■ **Required action**
The full listing, minus its pictures, should be printed again exactly as it stands.

──────── Supplied data ────────

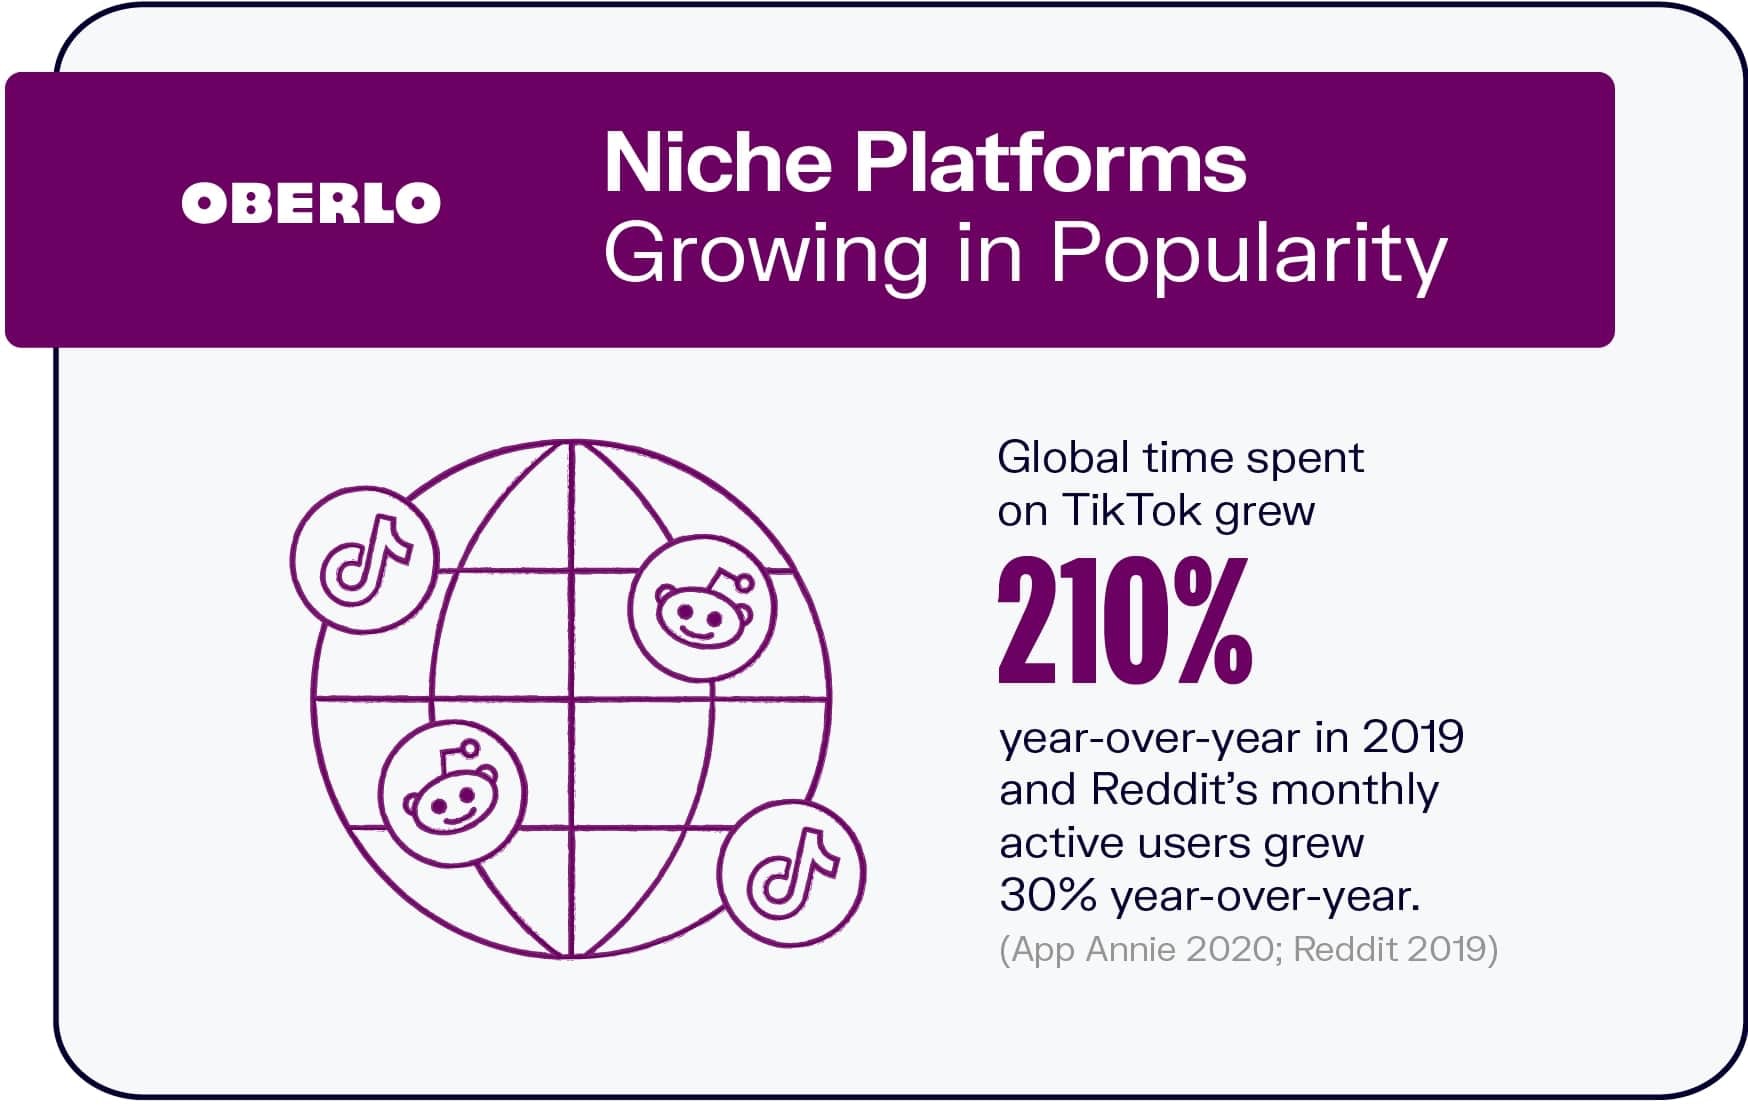 社交媒体趋势:小众平台越来越受欢迎
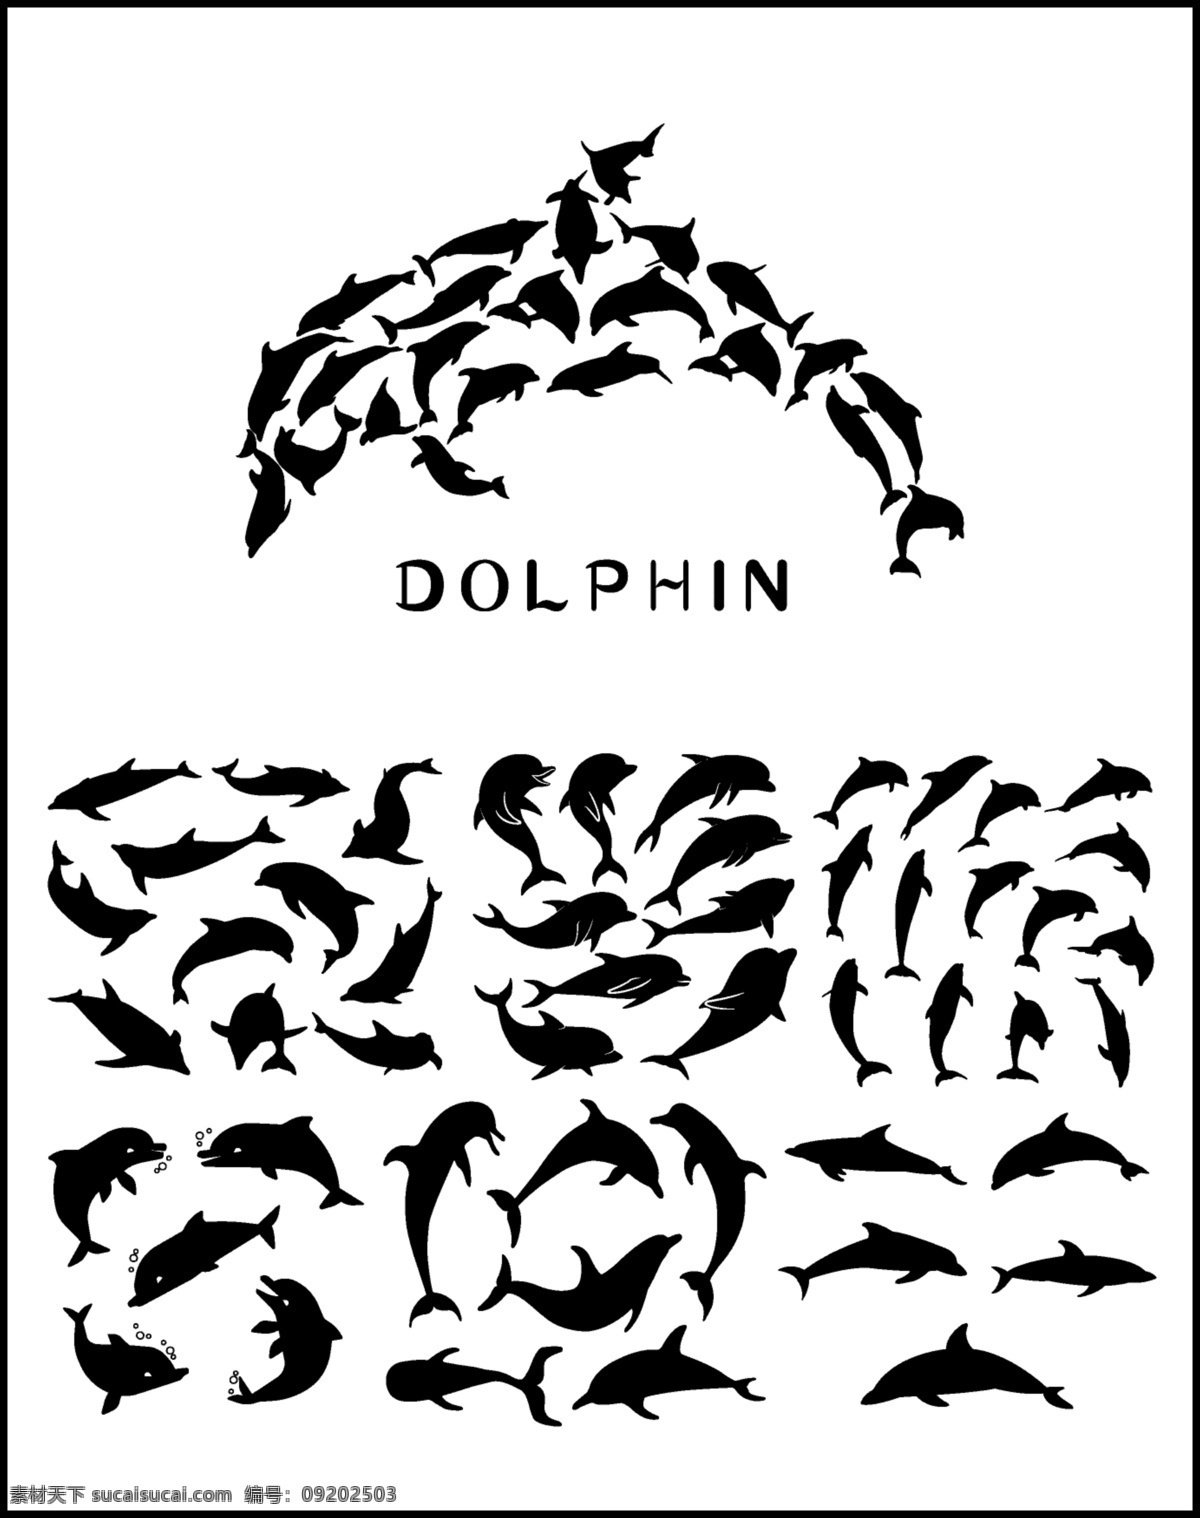 各种 海豚 造型 剪影 矢量 元素 跳跃 海洋 哺乳动物 鱼类 鱼 海鱼 豚 dolphin 生物世界 野生动物
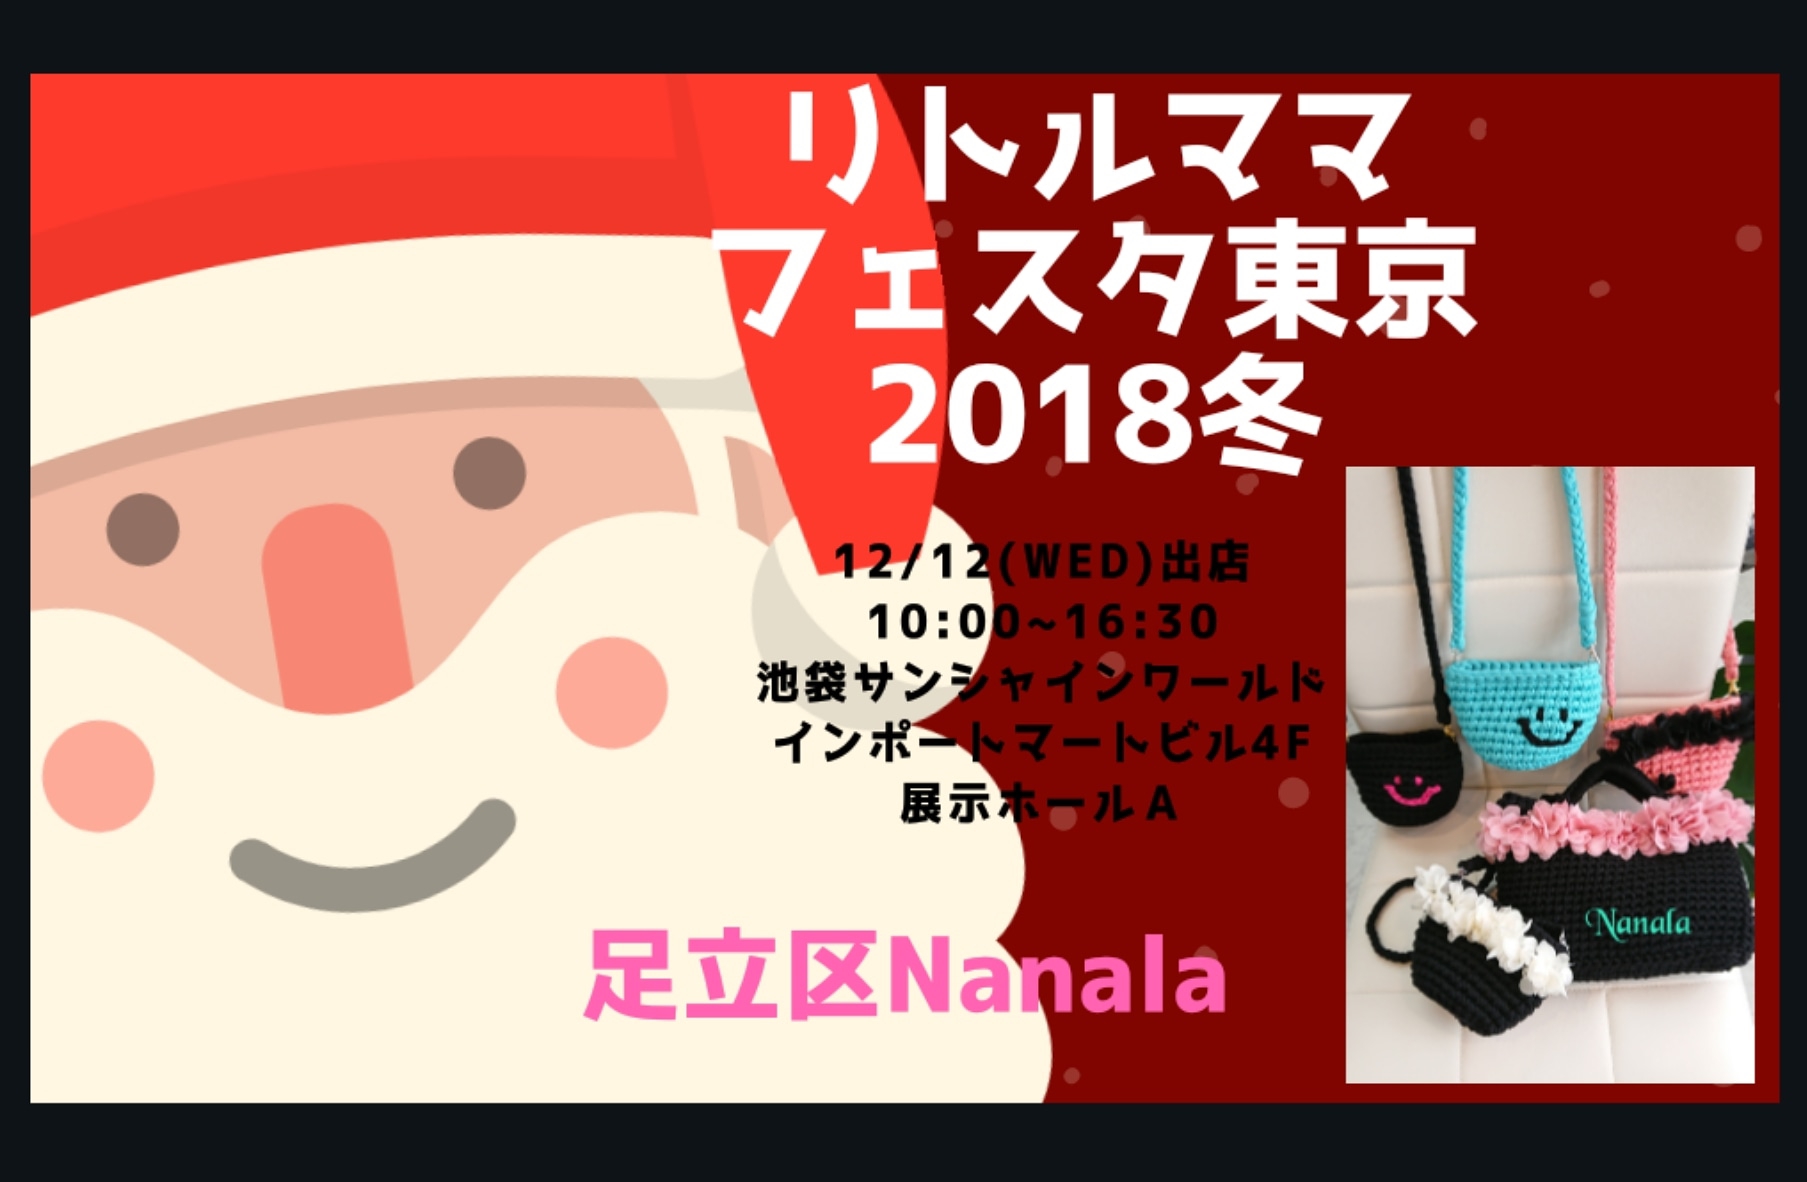 リトルママフェスタ東京18冬 出店します Nanala

────────

■ **Your response**
 社交媒体趋势:小众平台越来越受欢迎
 各种 海豚 造型 剪影 矢量 元素 跳跃 海洋 哺乳动物 鱼类 鱼 海鱼 豚 dolphin 生物世界 野生动物
 リトルママフェスタ東京18冬 出店します Nanala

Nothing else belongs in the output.